Squad usage: Championship, 5 Oct 2017
Today I’m switching another graphic from last season back on. This one looks at how each club has used their squad, and in addition to individual graphics for every team I’ve also created a summary of the division as a whole.
It’s sorted by how many different players each club has used (with the number who started a match used as a tie-breaker), but also shows the average number of changes to their starting XI, the number of minutes played by their most-used combination of players so far and how many players have been ever-present. This all applies to league matches only.
We can see Harry Redknapp’s chaotic fingerprints at Birmingham, who have already used 29 players this season – four more than any other side – and starting 25 of them. At the opposite end of the spectrum we have Millwall, with only 17 different players used and fewer than one line-up change per match on average. At Norwich we have what looks like a clear case of deliberate squad rotation, with an average of over three changes per match but only 21 different players deployed. That’s clearly not what’s going on at Derby where five players have featured in every minute of the Rams’ campaign so far.
What I’ve done for every club below is to plot out their league campaign minute-by-minute and then shade in a bar for each player showing when they were on the pitch. The players’ bars are then laid out next to each other, in descending order of how long each spent on the pitch this season (also shown as a percentage of the club’s total playing minutes), to allow for comparisons.
I’ve also factored in a calculation of what each club’s most-used combination of 11 players was and shaded the minutes that they were on the pitch together using a darker colour. At the top I’ve also included the total number of minutes that they featured alongside each other, which is often surprisingly low.

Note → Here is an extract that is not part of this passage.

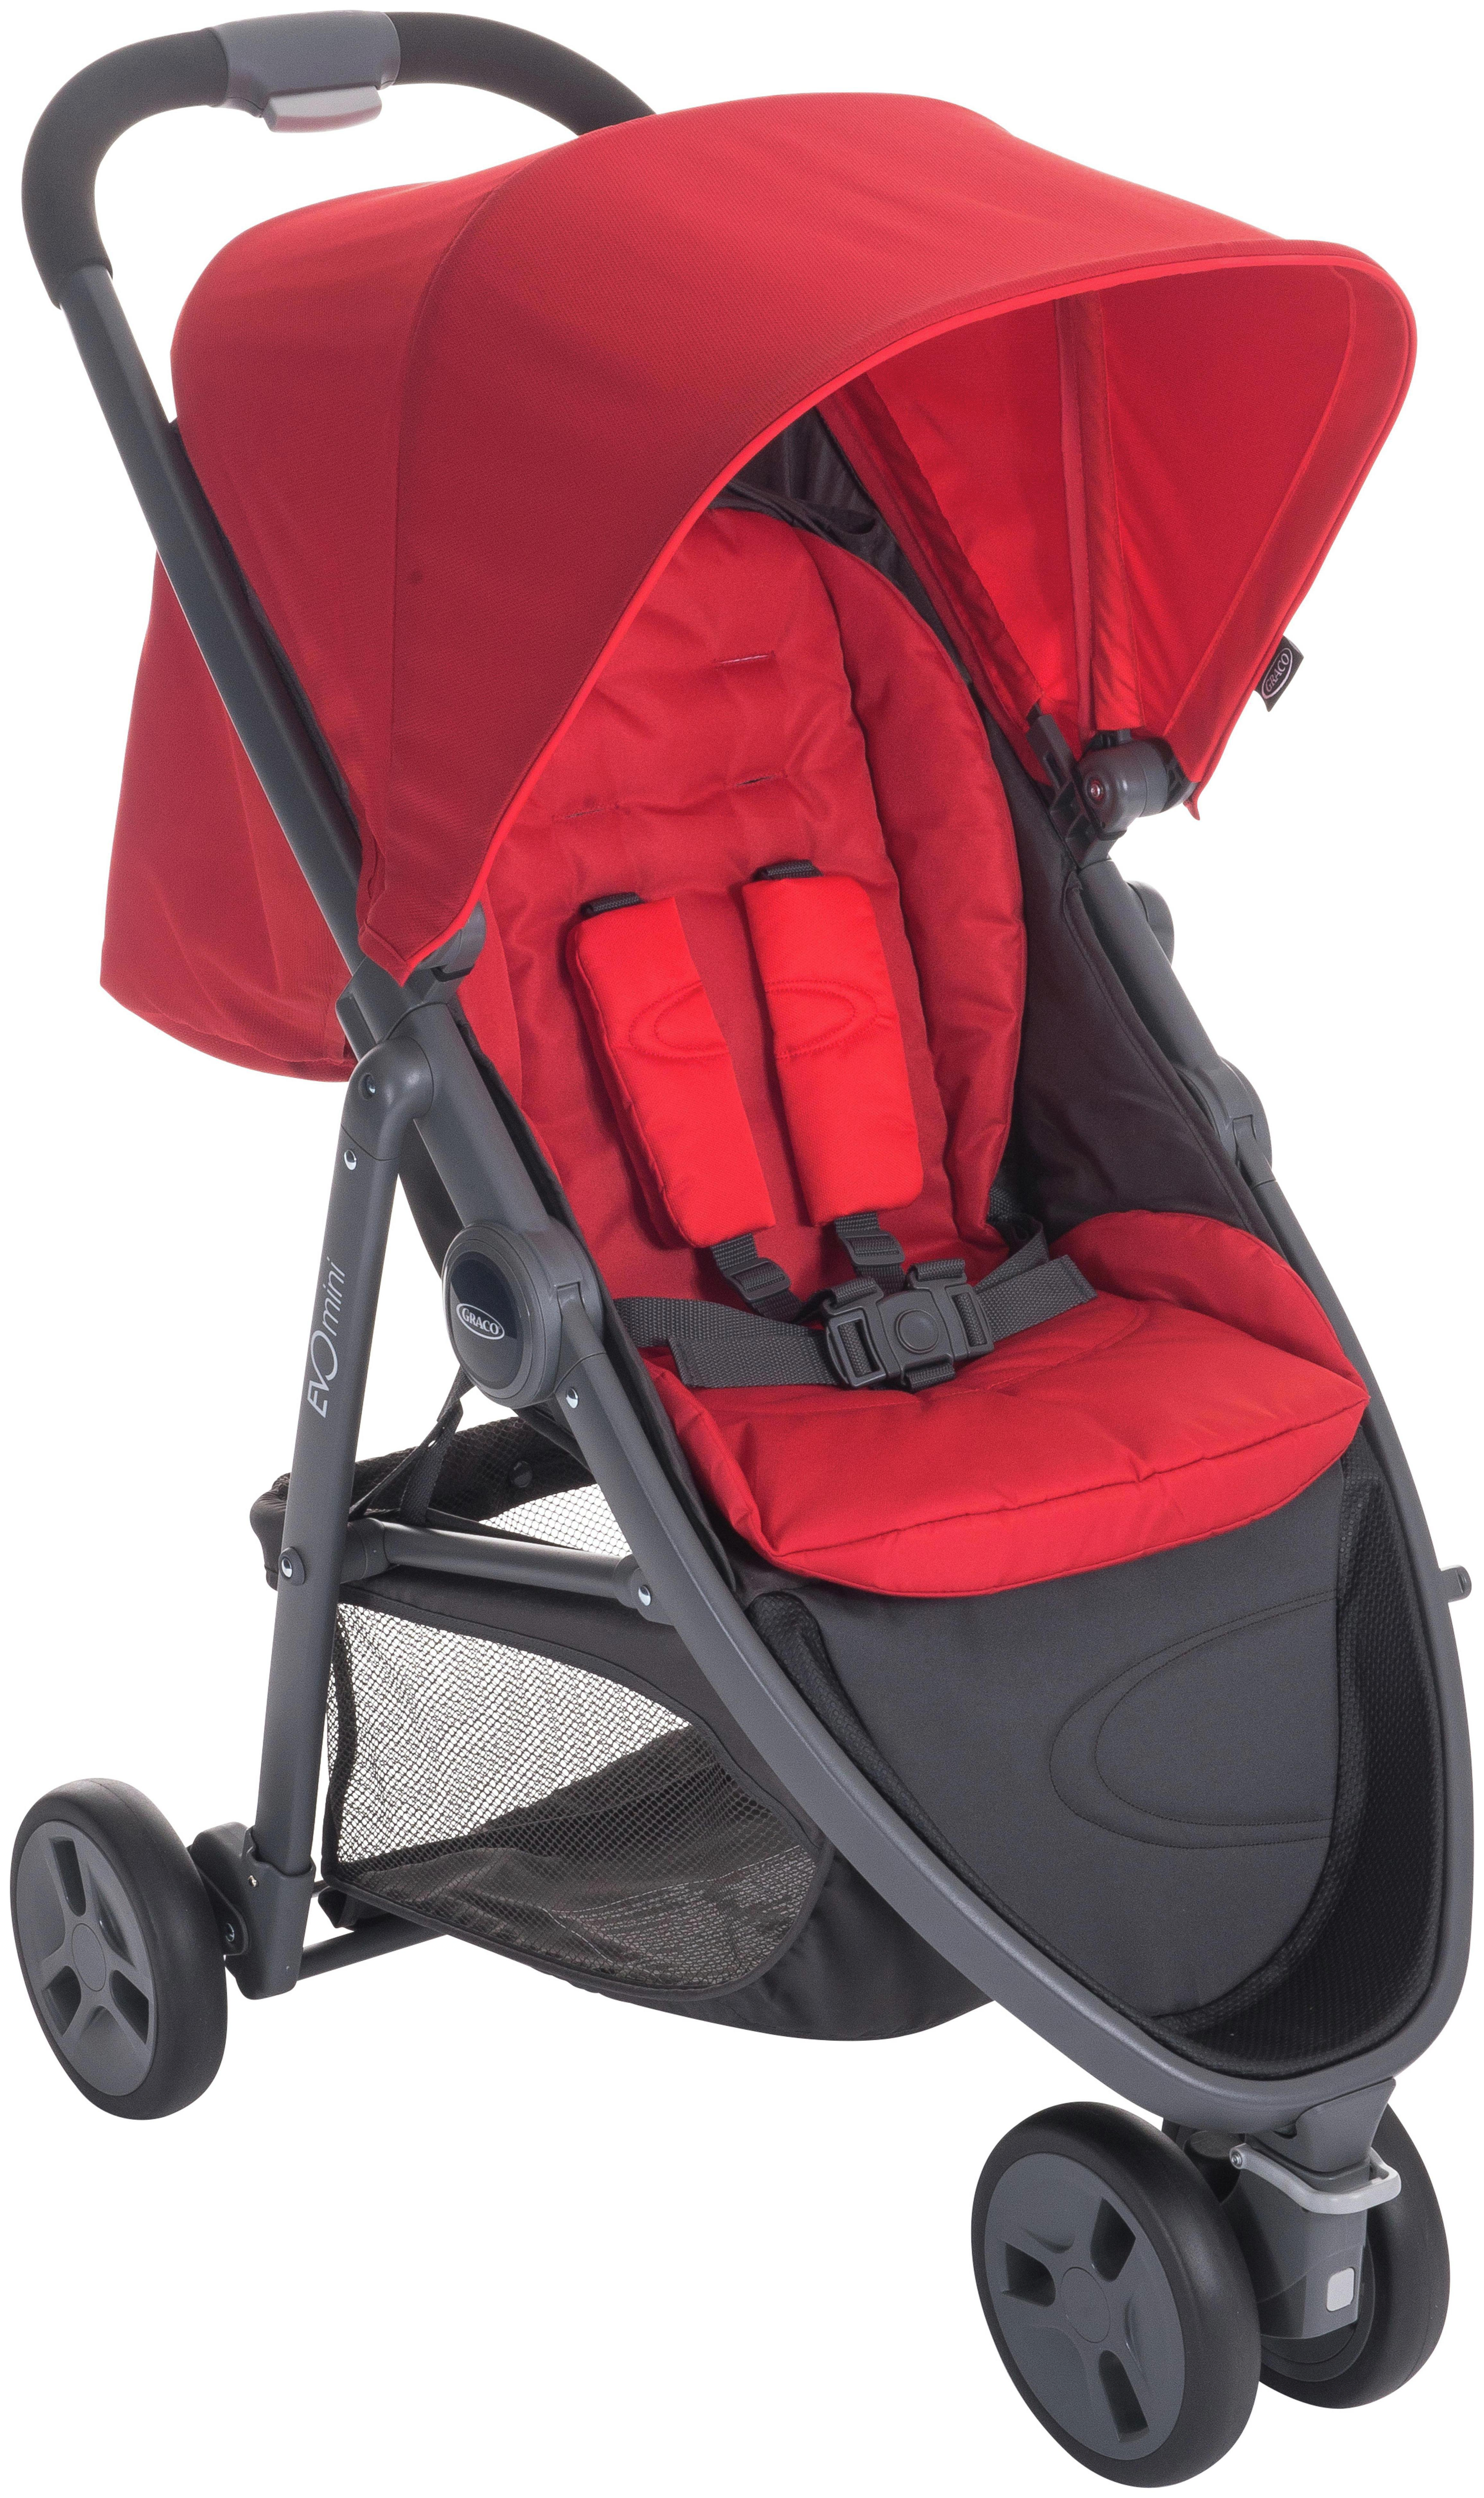 'Graco Evo Fiery Red Mini Pushchair.
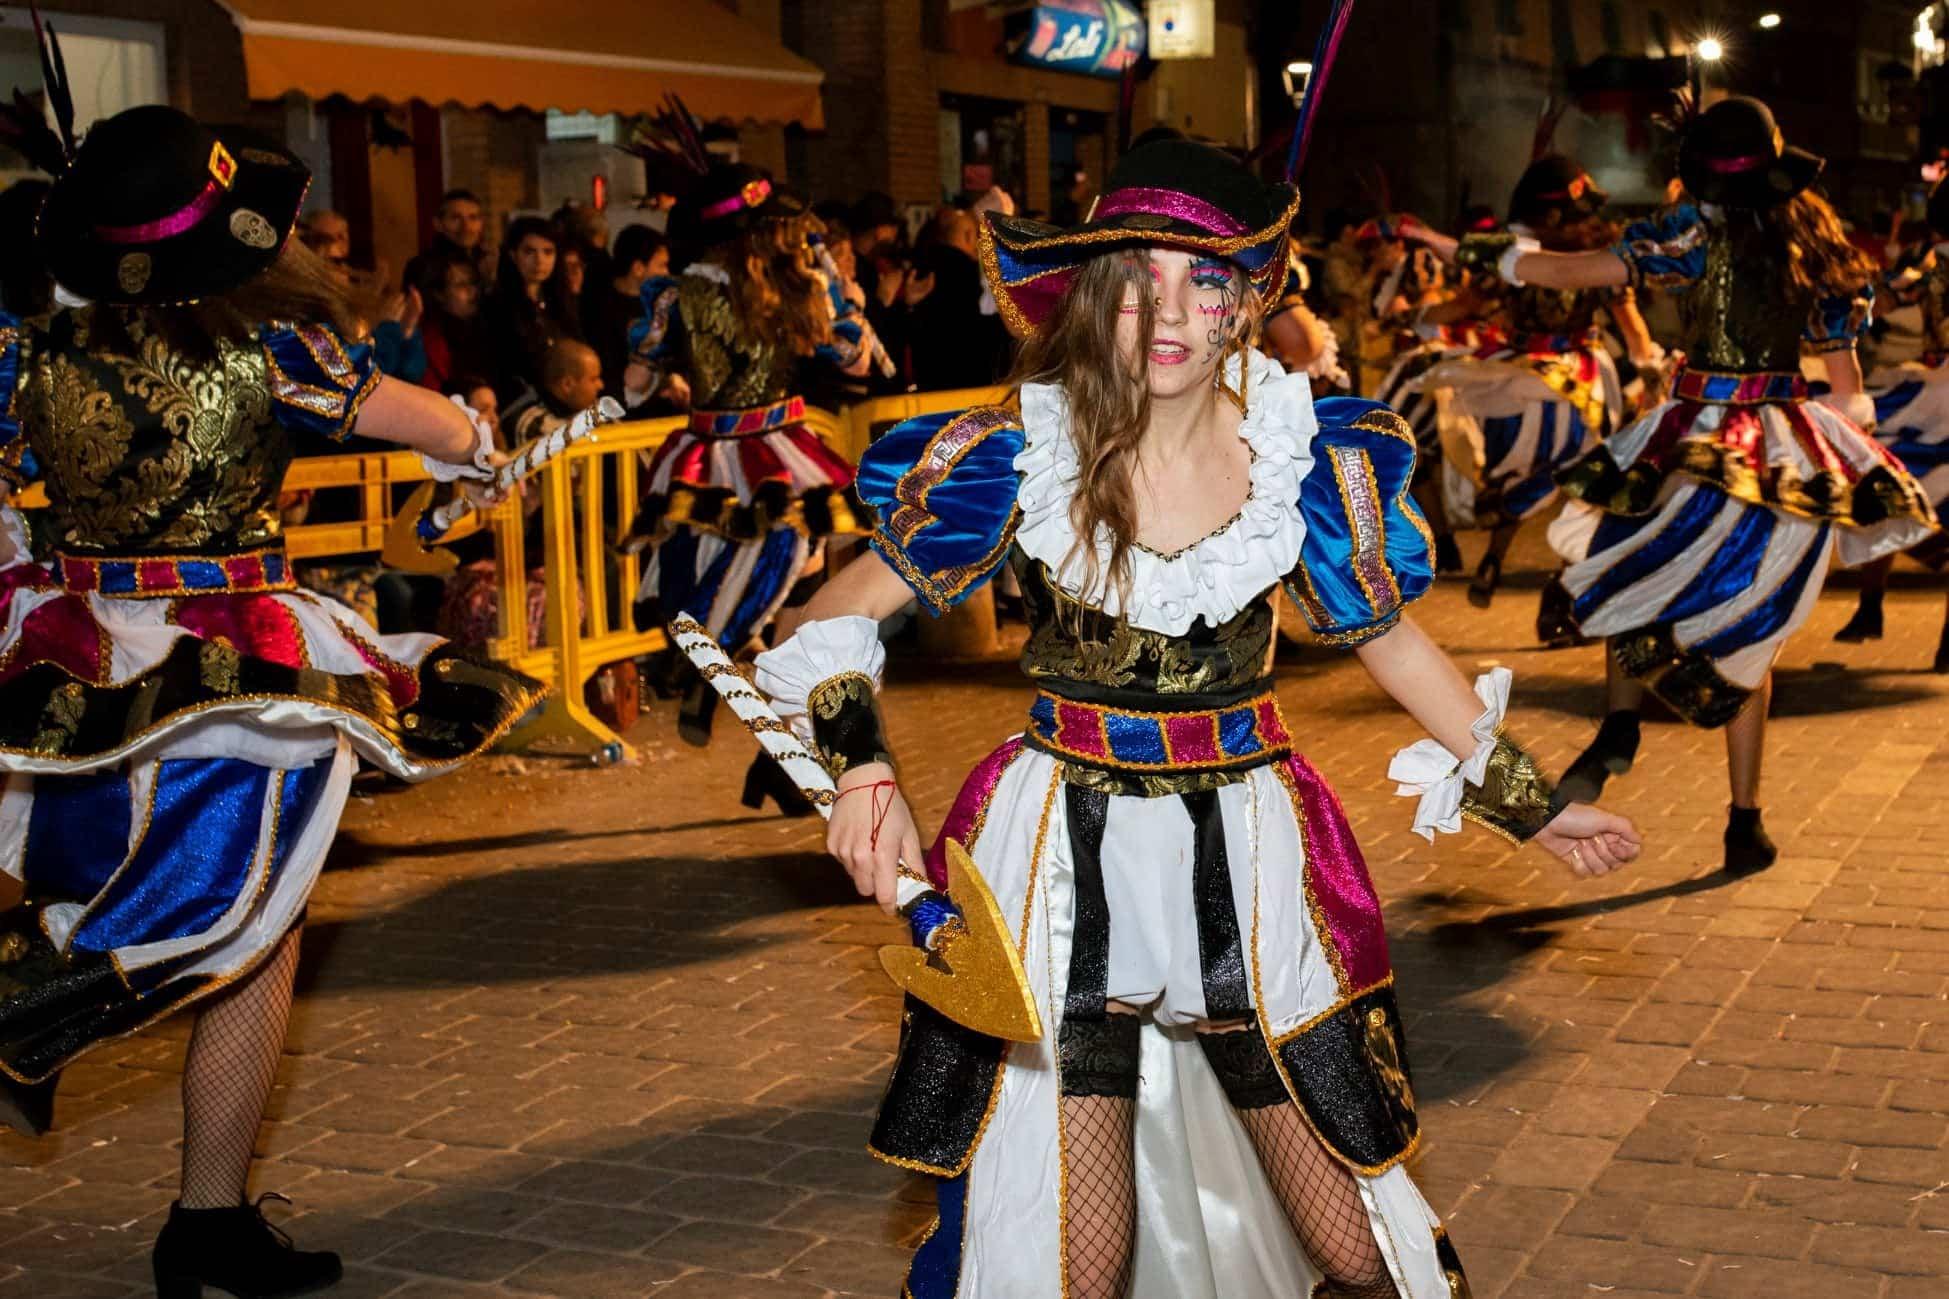 Carnaval de herencia 2020 ofertorio 122 - Selección de fotografías del Ofertorio del Carnaval de Herencia

To make reading across the graphics easier, I’ve drawn vertical lines separating each match and each month, plus horizontal ones between each player’s row and beneath the 11 most-used players.
Here are a few quick observations to give you the idea. It looks like Steve Bruce has settled on a starting line-up he likes at Aston Villa, with Jonathan Kodjia having broken into the team in the last four games. The size of the Birmingham graphic illustrates their ongoing search for the perfect formula, with three of their 11 most-used players so far not having played for the club before September.